Beyond easy loans and property seen
in China as a smart investment, other factors are driving the trend,
said one scholar who studies China’s housing market.
“The recent
surge in the residential real estate market in major cities is mostly
associated with properties located in the catchment area of high quality
public schools, at least in cities such as Beijing, Shanghai, and
Shenzhen,” said Hanming Fang, the Joseph M. Cohen Term Professor of
Economics at the University of Pennsylvania. Prices for properties in
areas that don’t have assigned schools are stable, he said.
“The
price surge is a surge in the price for scarce educational resources,”
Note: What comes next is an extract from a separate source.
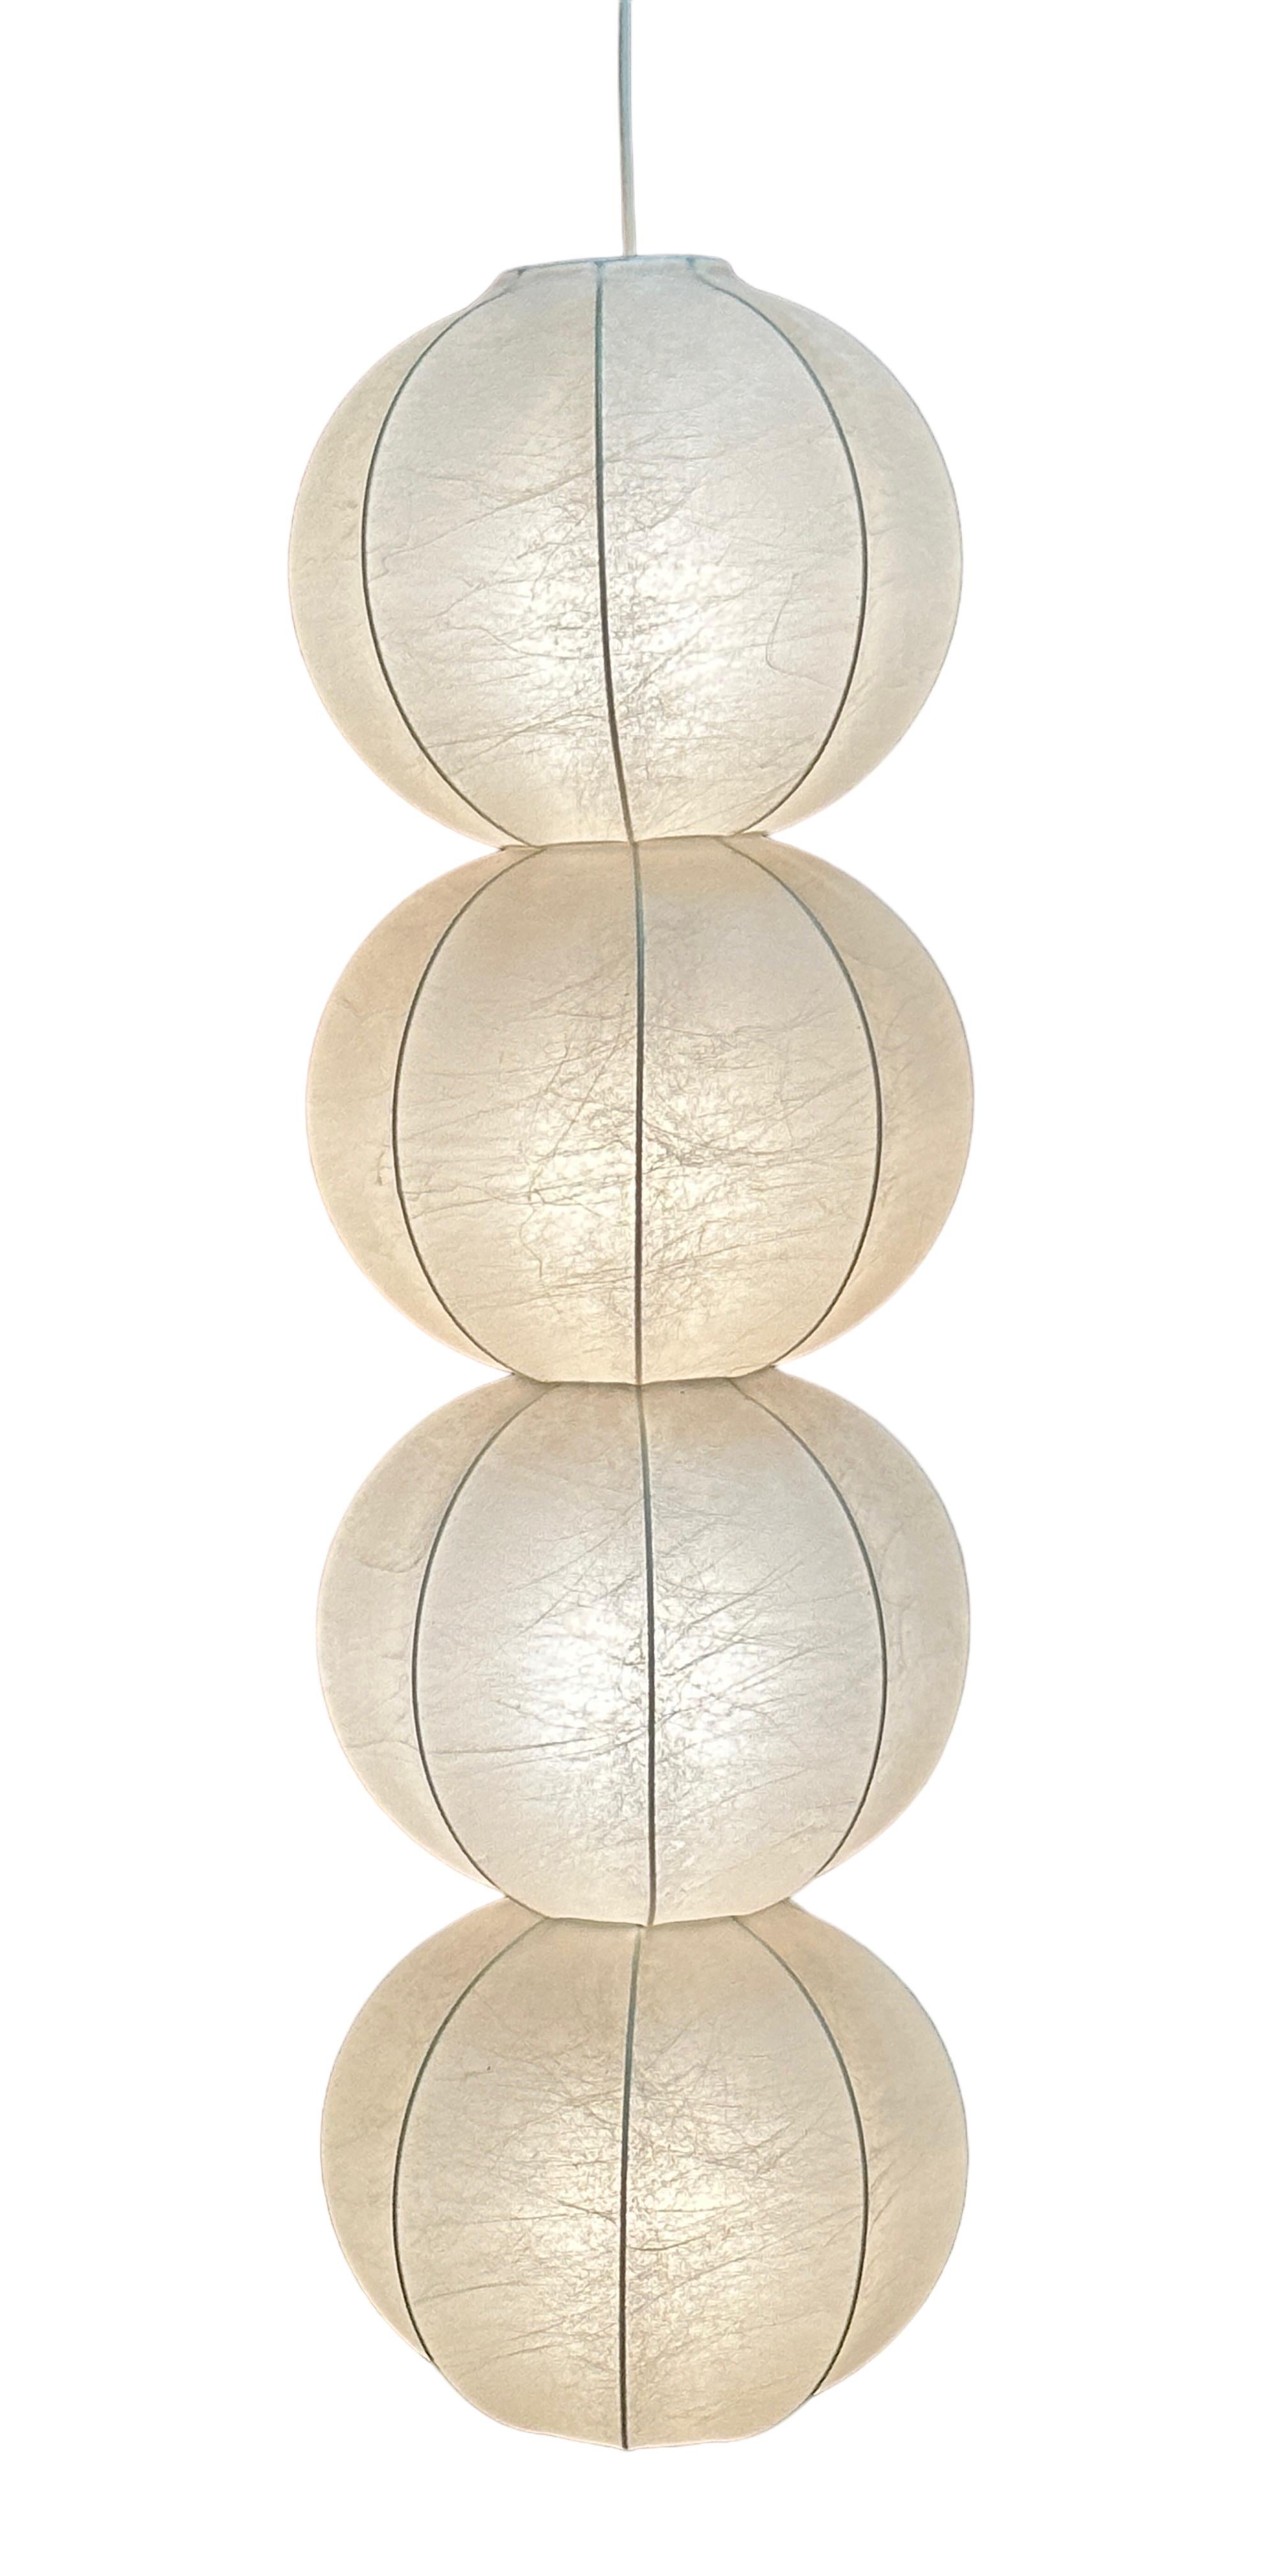 A beautifully Cocoon pendant light, by Friedel Wauer for Goldkant Leuchten, Germany. Comes fout of the Achille Castiglioni Era. Lampshades in very good vintage condition. Pendant with canopy is approx. 118

he said. To fix the problem and curb property market speculations, the
educational resource allocation mechanisms should be reformed, he said,
either by making school resources favor lower-quality schools or by
tying school resources to local property taxes. Public resource
allocations on hospitals, colleges, parks, and other public goods should
also be more equitable, he said.Speculation, too, has frustrated
Chinese officials. In a recent visit to Shanghai, China’s deputy housing
minister, Ni Hong, told city officials that “homes are for living in,
not for speculation,” a statement that was carried widely by state
media.
Meanwhile, property-related stocks in China had a bad
week. The share prices for the country’s three biggest property
developers have been hit especially hard since the recent restrictions
were announced. Hong Kong-listed China Evergrande Group (ticker:
3333.Hong Kong) has fallen 12% in the last four days. Country Garden
Holdings (2007: HK) has seen an 8% decline in the same period, as has
Shanghai-listed Greenland Holdings (600606: China). Most other big
developers have experienced similar declines.
Despite 2.3%
increase in GDP in 2020, China’s domestic consumption actually was
lowered by 3.9%, partly because of rising investment demand stimulated
by rising price in housing and other assets,” Li Gan, professor of
economics at Texas A&M University, told Barron’s. “Policies to
stabilize the housing market may also help boost domestic
consumption.”Local authorities have resisted previous efforts to tame
housing sales, which account for a significant source of local-level
revenue.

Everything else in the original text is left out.